[ID Discuss] Content strategy - Written aspects of interaction design
Carrie Ritch
critch at rochester.rr.com
Wed Apr 28 06:33:07 PDT 2004
Andrei writes:
> Interesting you should mention bloggers, because I am increasingly
> convinced of the value of adding excellent writing skills to the pool
> of interaction design breadth.
>
> Not necessarily in terms of writing an essay, but rather to take
> ownership of inline help text, error messages, and labels. I'd be curious
to
> know if my experiences are unique, but I have found myself time and time
> again working with companies where "copy-writing" is shuffled off to a
> department entirely separate from the interaction/visual design
> studios, where it is clear that the copywriters have shallow to no
knowledge of
> the site or application they are writing copy for.
Working in a small web development company I do not have access to technical
or copy writers so I do write most of the inline help and error messages.

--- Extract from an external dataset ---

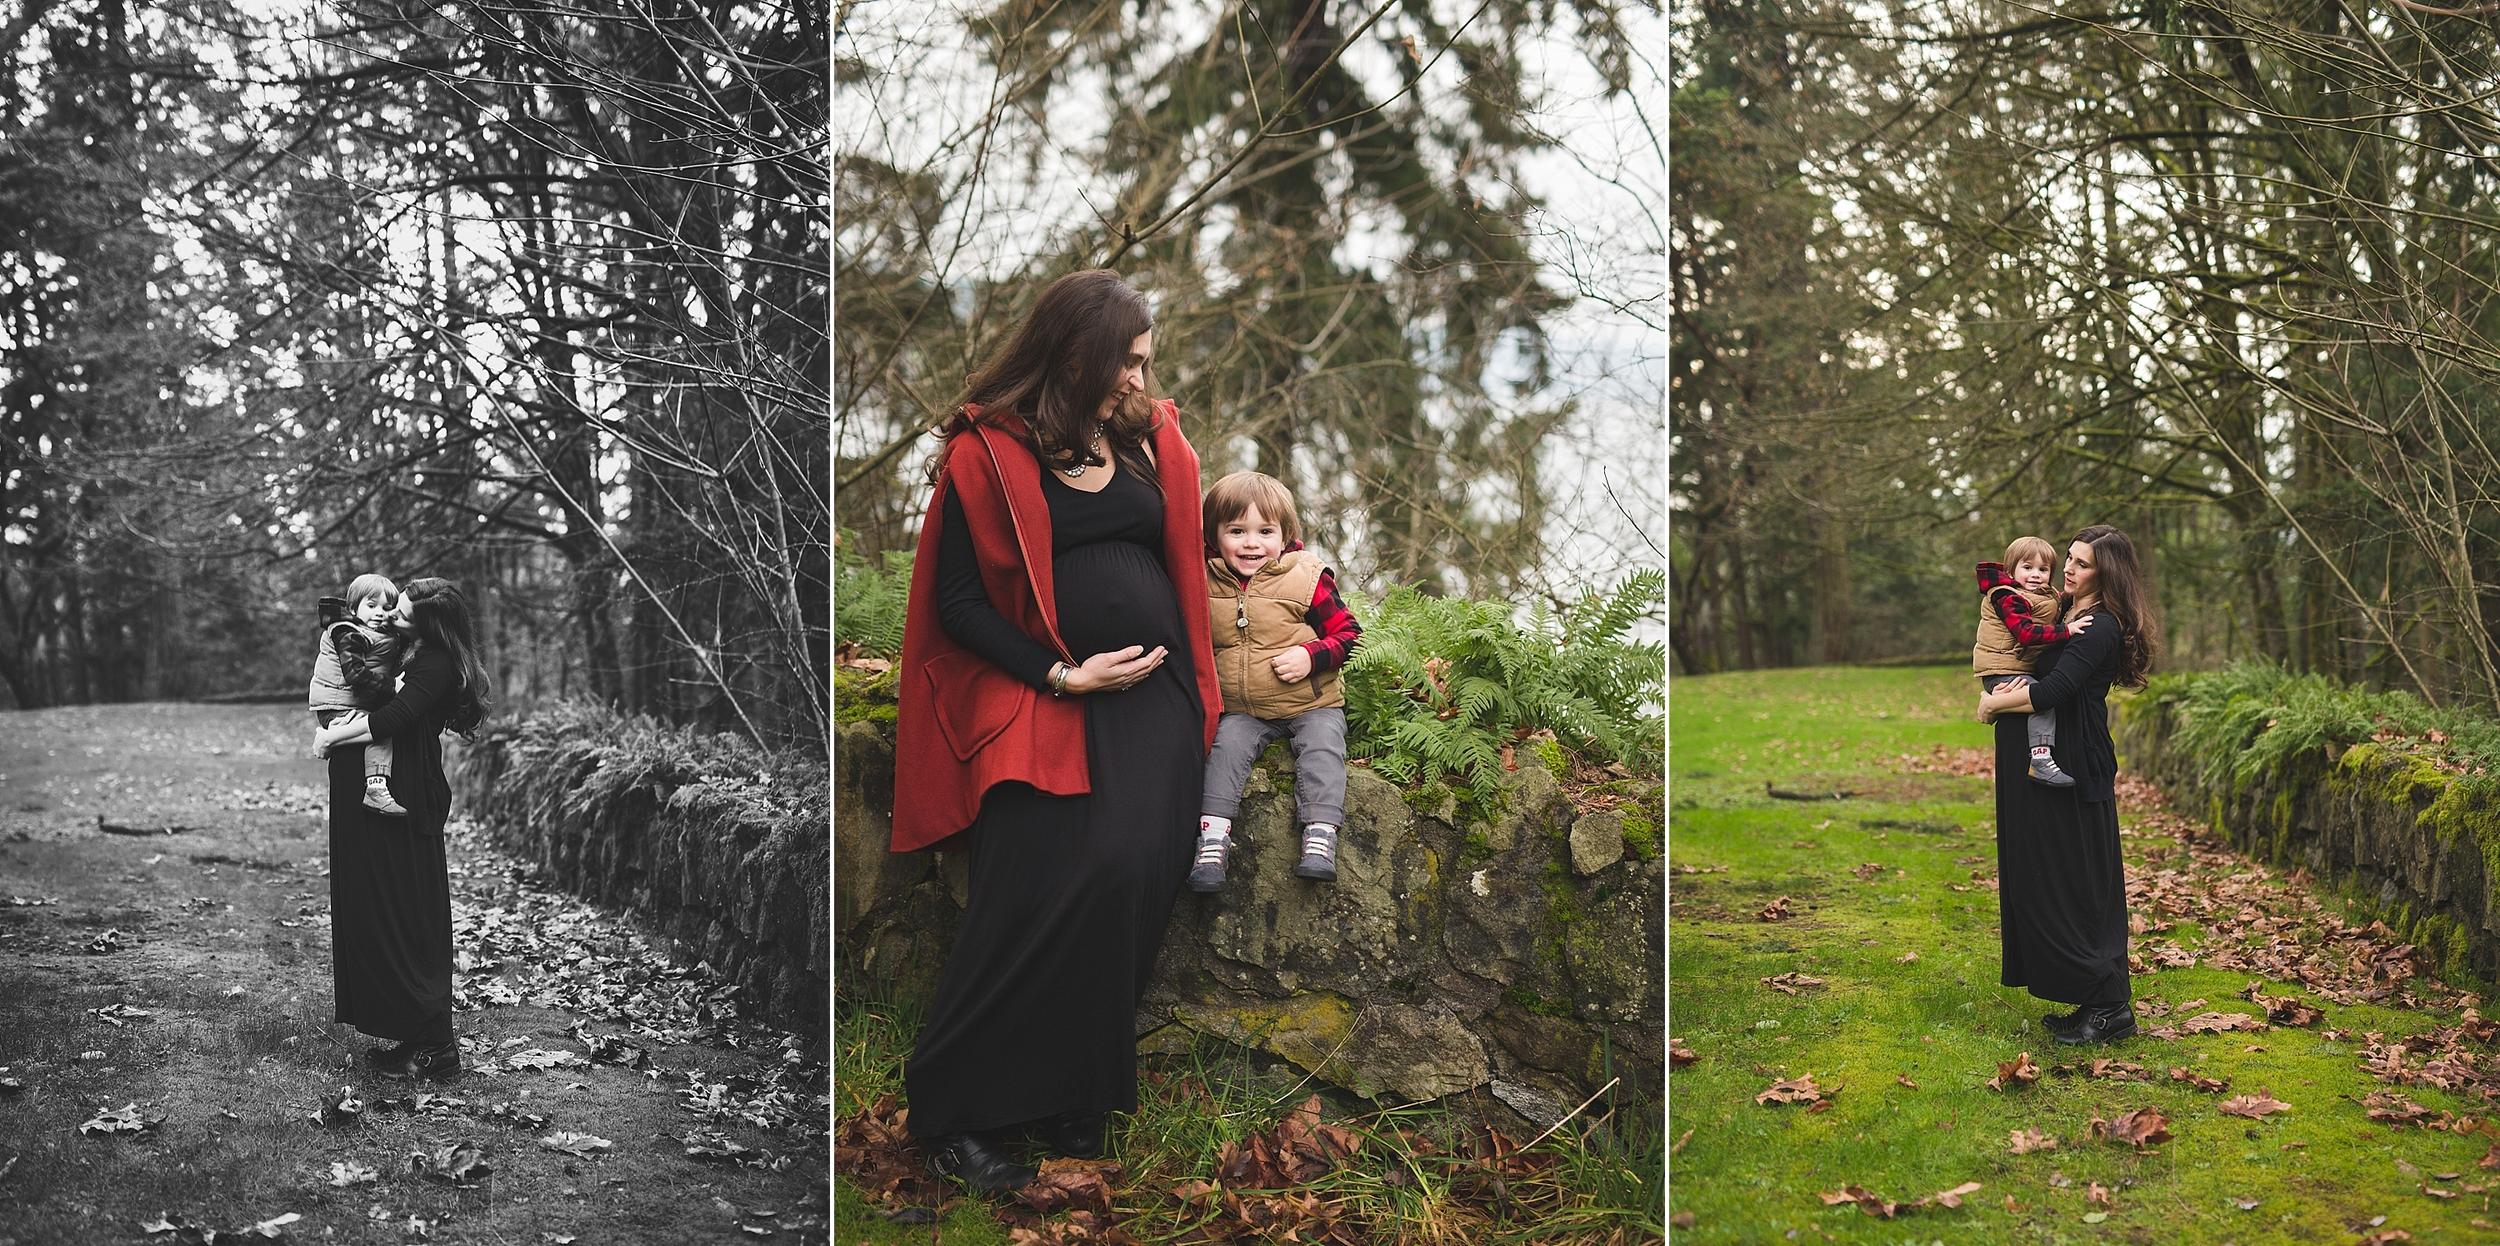 ashley vos photography seattle area lifestyle family maternity photographer_0281.jpg

37signals had a great resource on their site called Design Not Found
containing collections of good and bad examples of error and help messages.
You can't access the library of examples anymore, which is too bad, because
they've just recently turned it into a book - "Defensive Design for the Web:
How To Improve Error Messages, Help, Forms, and Other Crisis Points."
http://www.37signals.com/book/
Good writing skills are also needed for writing requirements, specs,
annotating wireframes and anything else used to communicate a solution.